Similarly, at bigger companies or heavily funded places or more ai native places, you can have a good amount of token supply so it makes sense to speed up development. Leadership people will see everyone speeding up so you might start facing speeding up pressure from them soon if you are not already facing it.

In Peter's case, I guess he was rich enough and was too bored and liked shipping more than than the process of coding.

to summarise, if you combine all of these - it's a personal demand and supply fused with incentive equation. If you make more than you burn, then it's justifiable and makes sense to automate parts of your work and scale yourself.

Just don't be the type of person who spends most of their time automating their setup.
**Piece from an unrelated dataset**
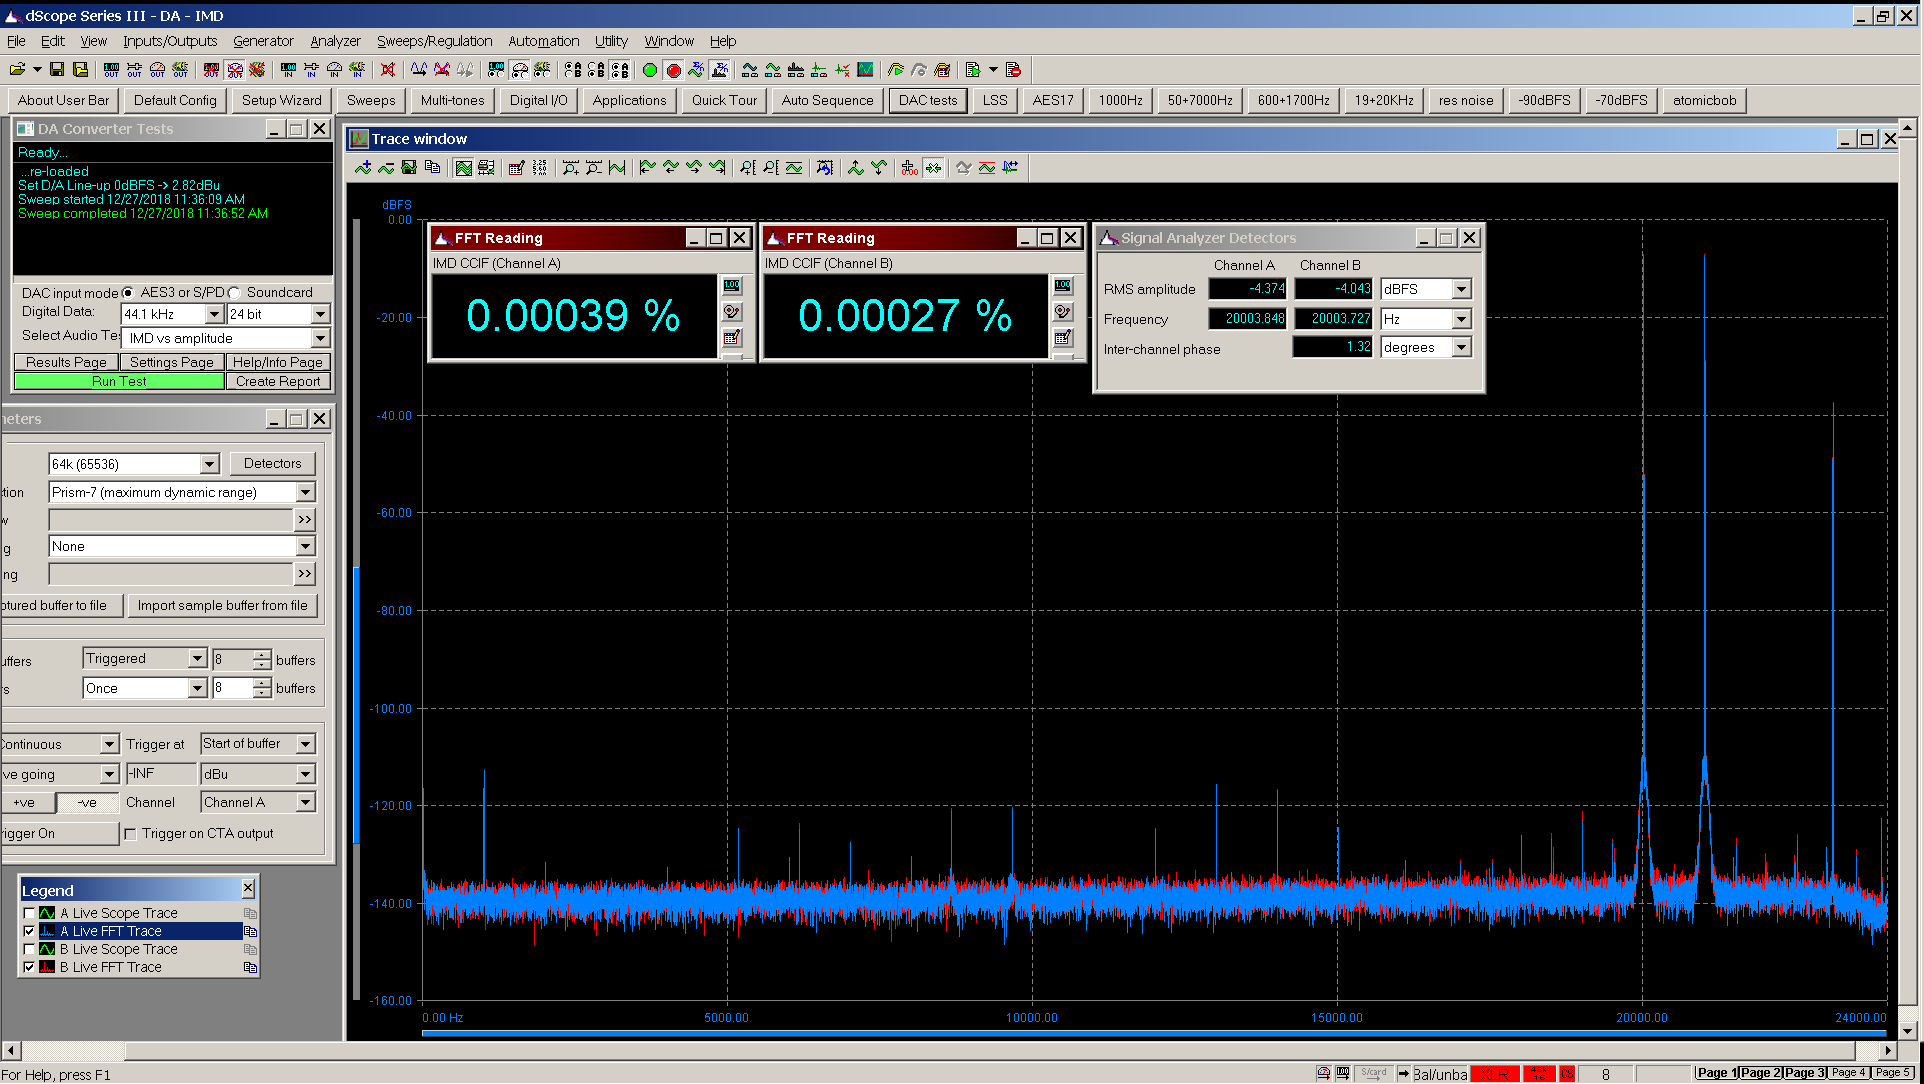 20181227-04 convert2 Bal IMD spectrum - AES.PNG

I like a couple of quotes from Cat Wu from Lenny Podcast on this

Thriving in an AI-driven world1:07:49

I think AI gives everybody a ton more leverage than they used to. And so I would push you towards — anytime you realize that you're doing some manual task multiple times, think about how you can use Claude Code, Cowork or other AI tools to automate that for you. Most people have creative parts of their job that they absolutely love and then tedious parts of their job that they really hate doing. I think the beauty of AI is that it can do those tedious parts for you. It can learn from every time that you've done that manual task and generalize and then run it automatically, so that you can focus on the creative parts.
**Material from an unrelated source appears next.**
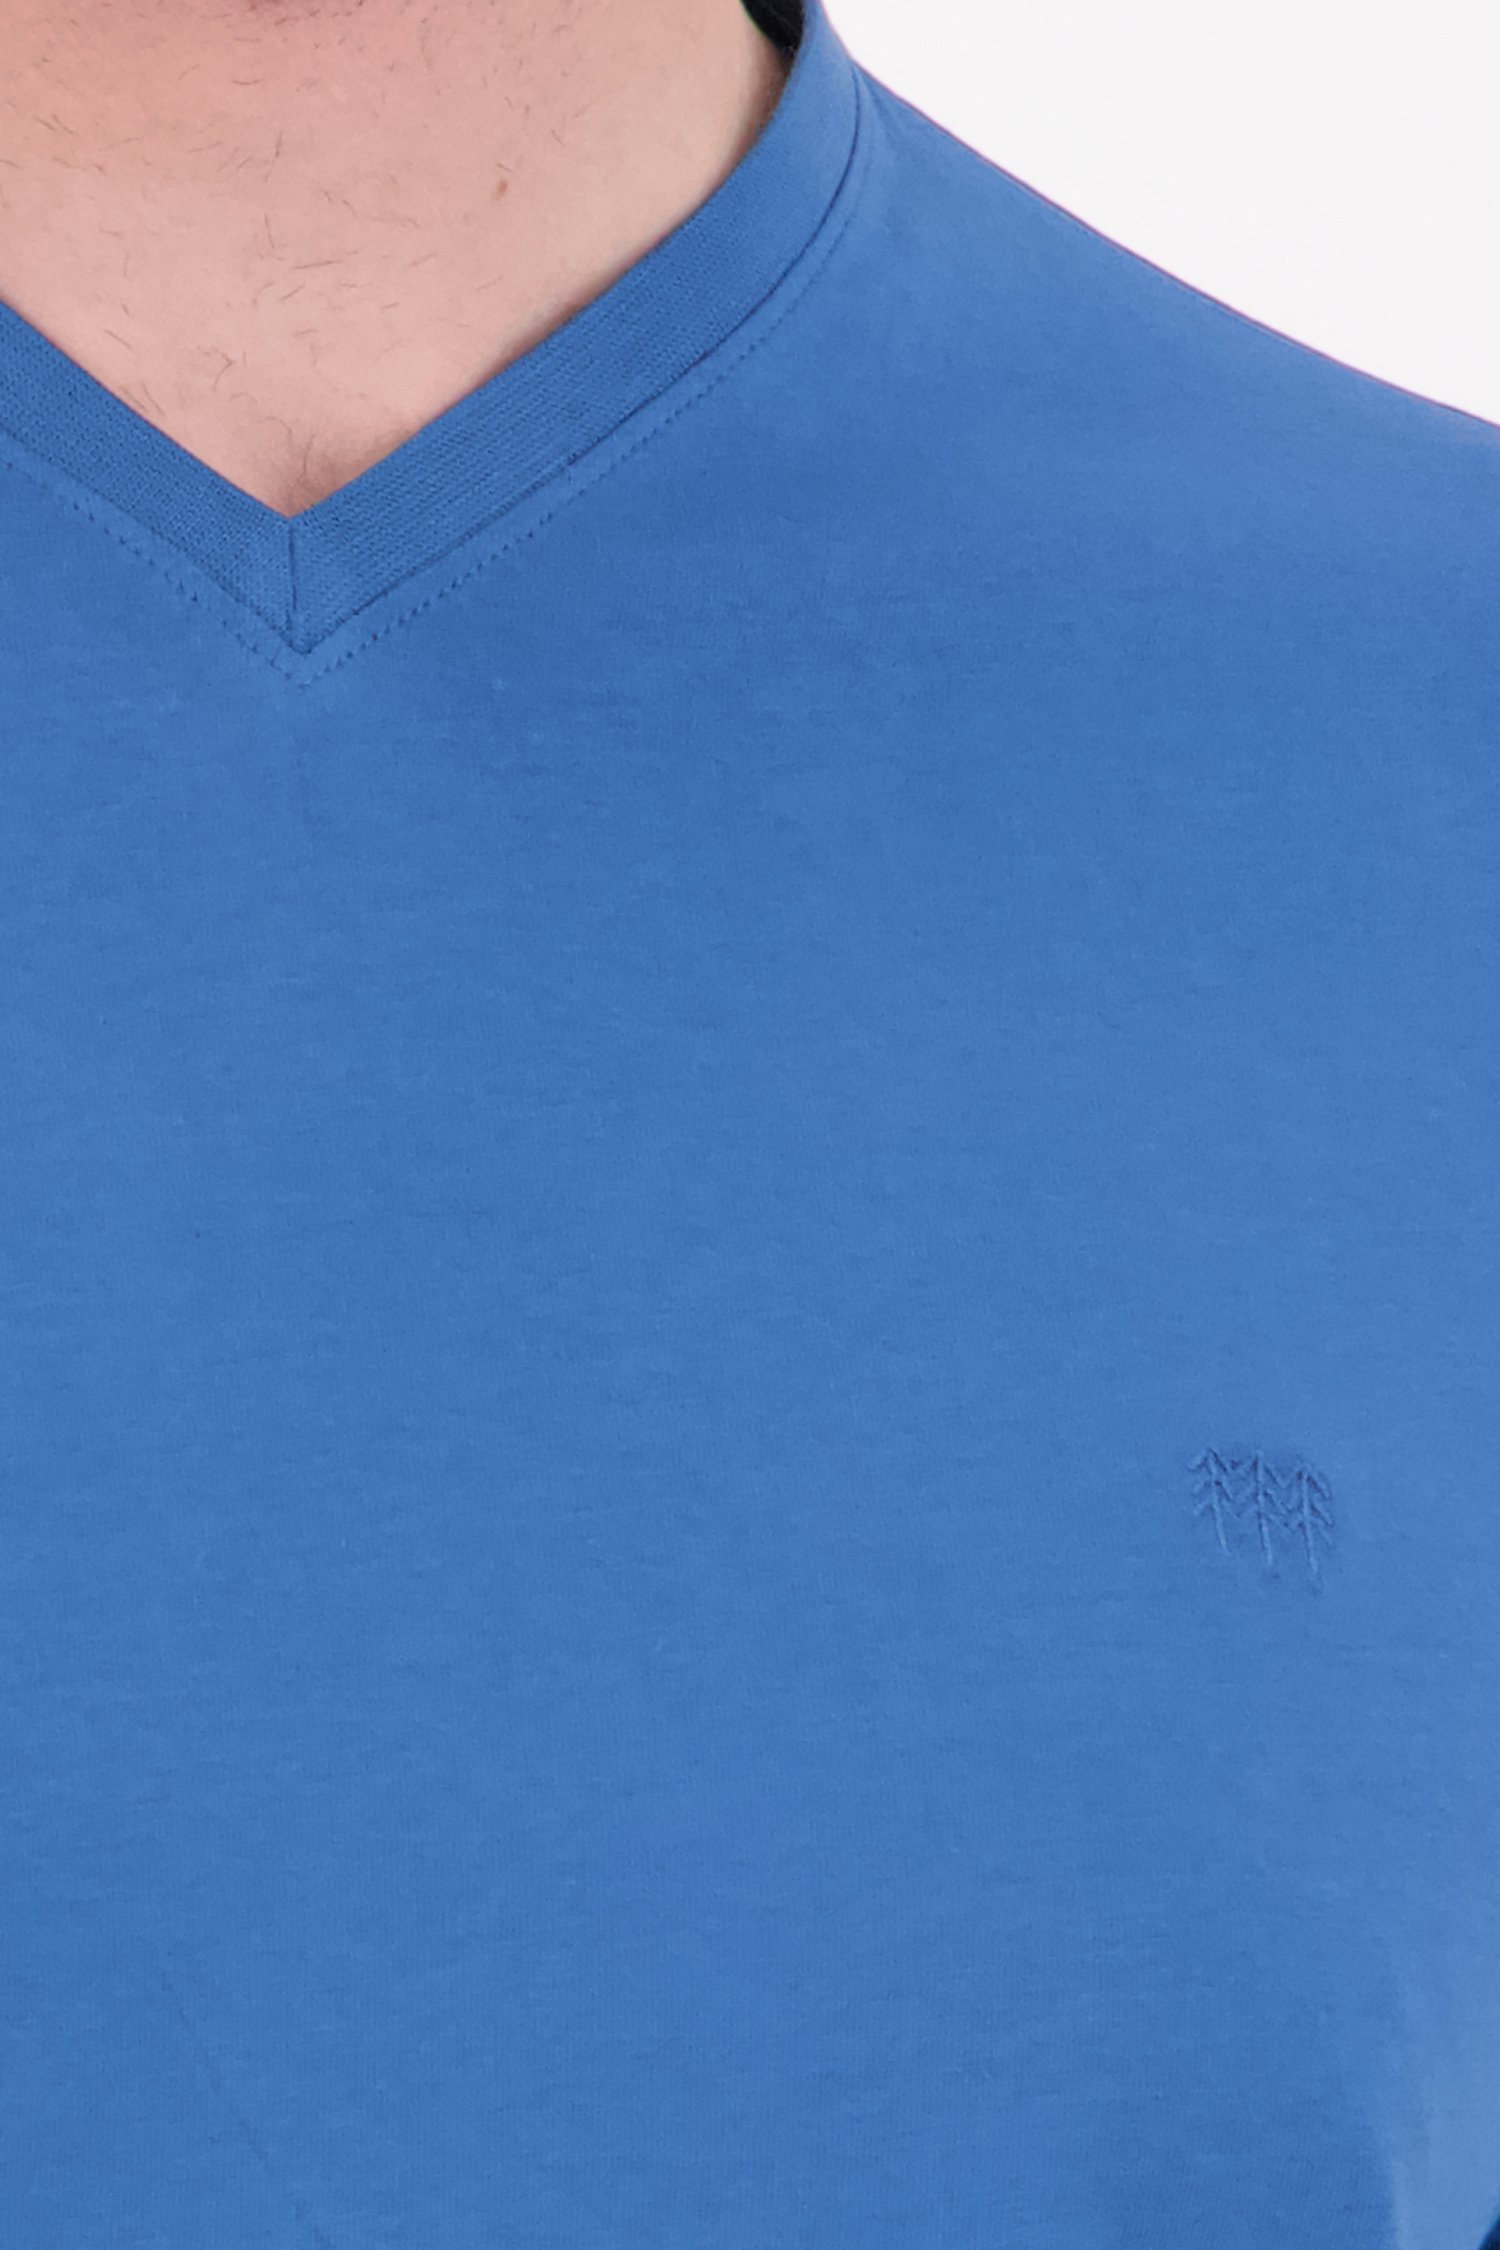 T-shirt col V bleu de Ravøtt pour Hommes

So I think my like immediate push for people is figure out the repetitive parts that you can pass to Claude. Iterate on those automations until the success rate is very high, and then focus on: okay, what more can you be doing for your team, for your product, for your company that people haven't had the bandwidth to pick up so far?... If AI can take care of the grunt work, then you have this extra 20% time now that you might not have before.

Underfunding forces automation24:35

if you have Claude, you can just use that to automate a lot of work... another principle is just encouraging people to go faster. So if you can do something today, you should just do it today... if you want to go faster, a really good way to do that is to just have Claude do more stuff.